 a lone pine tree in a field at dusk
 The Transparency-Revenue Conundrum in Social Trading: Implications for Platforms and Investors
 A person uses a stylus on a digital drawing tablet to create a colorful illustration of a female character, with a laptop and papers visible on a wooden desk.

★ ★ ★

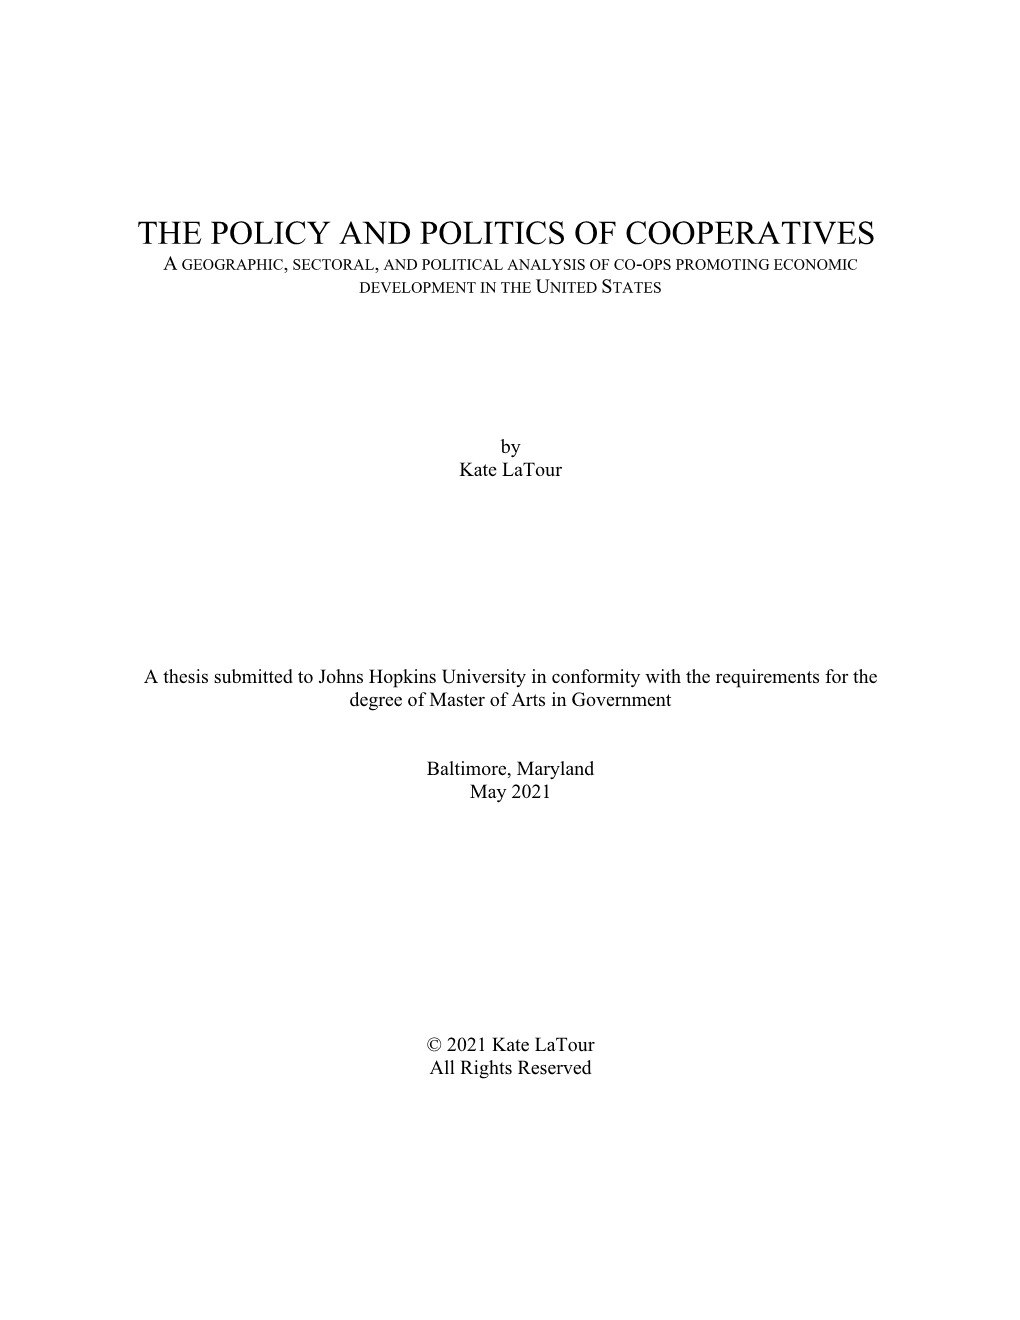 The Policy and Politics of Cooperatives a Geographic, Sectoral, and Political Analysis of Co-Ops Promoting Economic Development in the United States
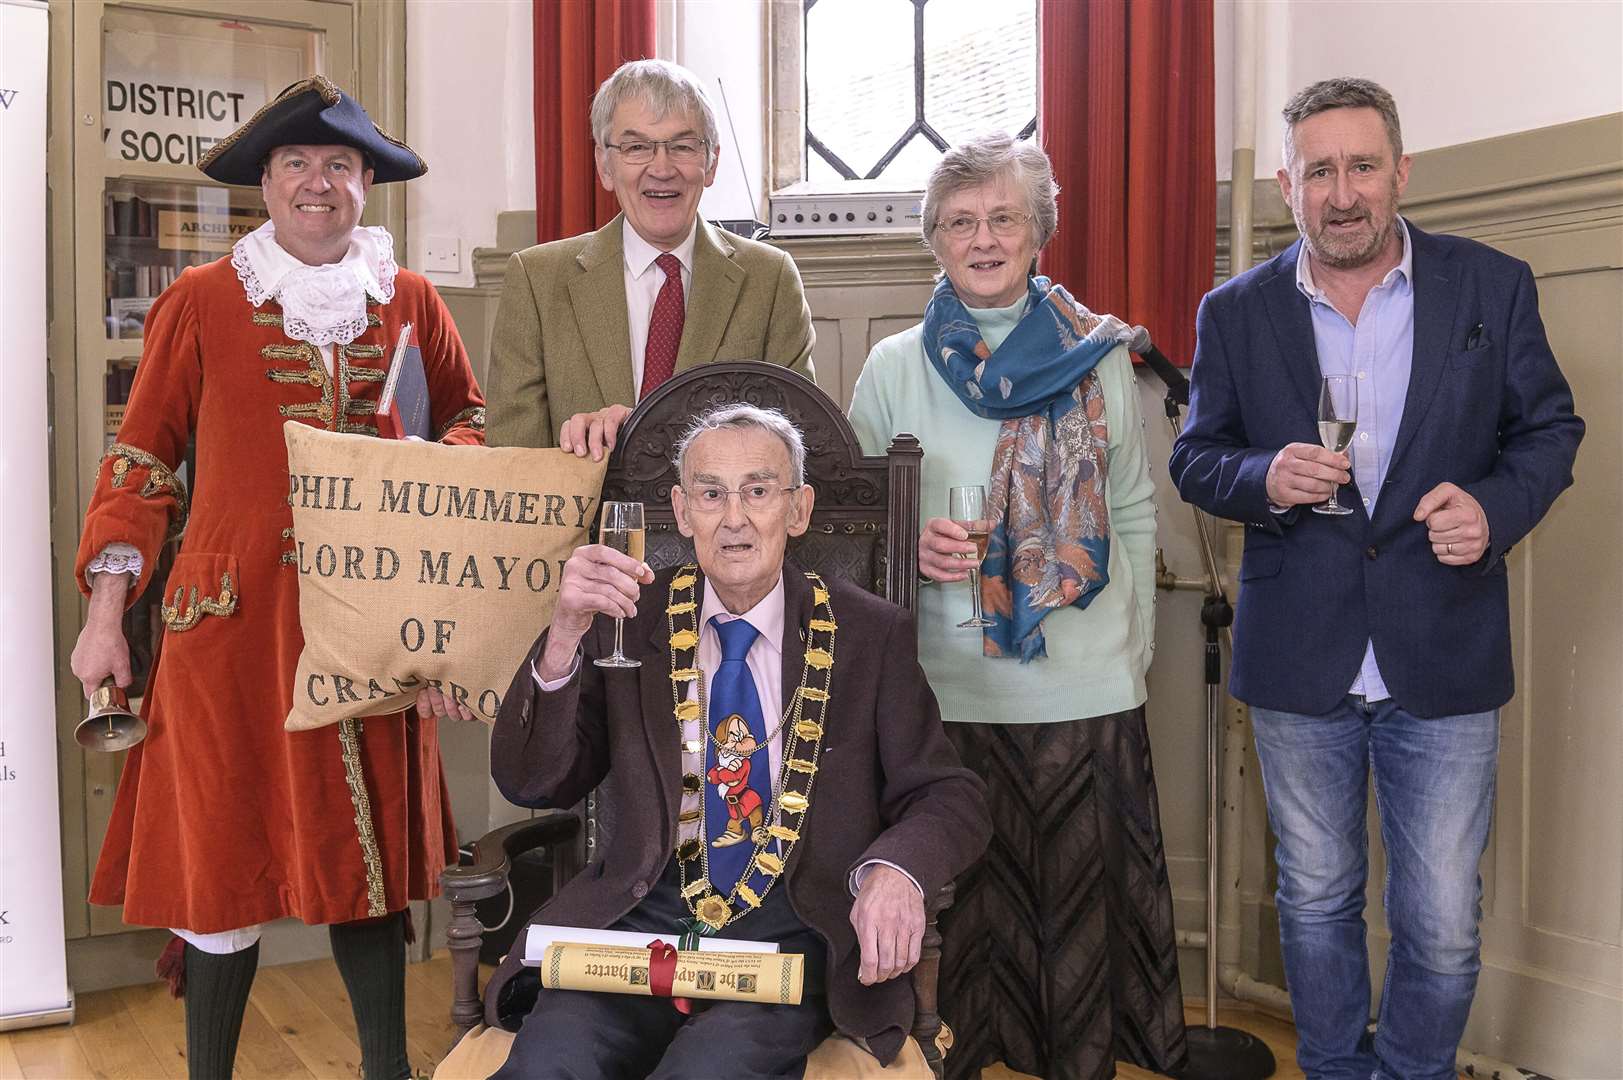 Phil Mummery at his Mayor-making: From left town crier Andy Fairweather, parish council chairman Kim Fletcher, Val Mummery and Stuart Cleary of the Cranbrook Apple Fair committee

★ ★ ★

◆ About this exercise: Copy only these lines from the records above, exactly: the one with "The Policy and", the one with "Phil Mummery at", and those between. Skip the pictures.

◆ Solution to this exercise:
 The Policy and Politics of Cooperatives a Geographic, Sectoral, and Political Analysis of Co-Ops Promoting Economic Development in the United States
 Phil Mummery at his Mayor-making: From left town crier Andy Fairweather, parish council chairman Kim Fletcher, Val Mummery and Stuart Cleary of the Cranbrook Apple Fair committee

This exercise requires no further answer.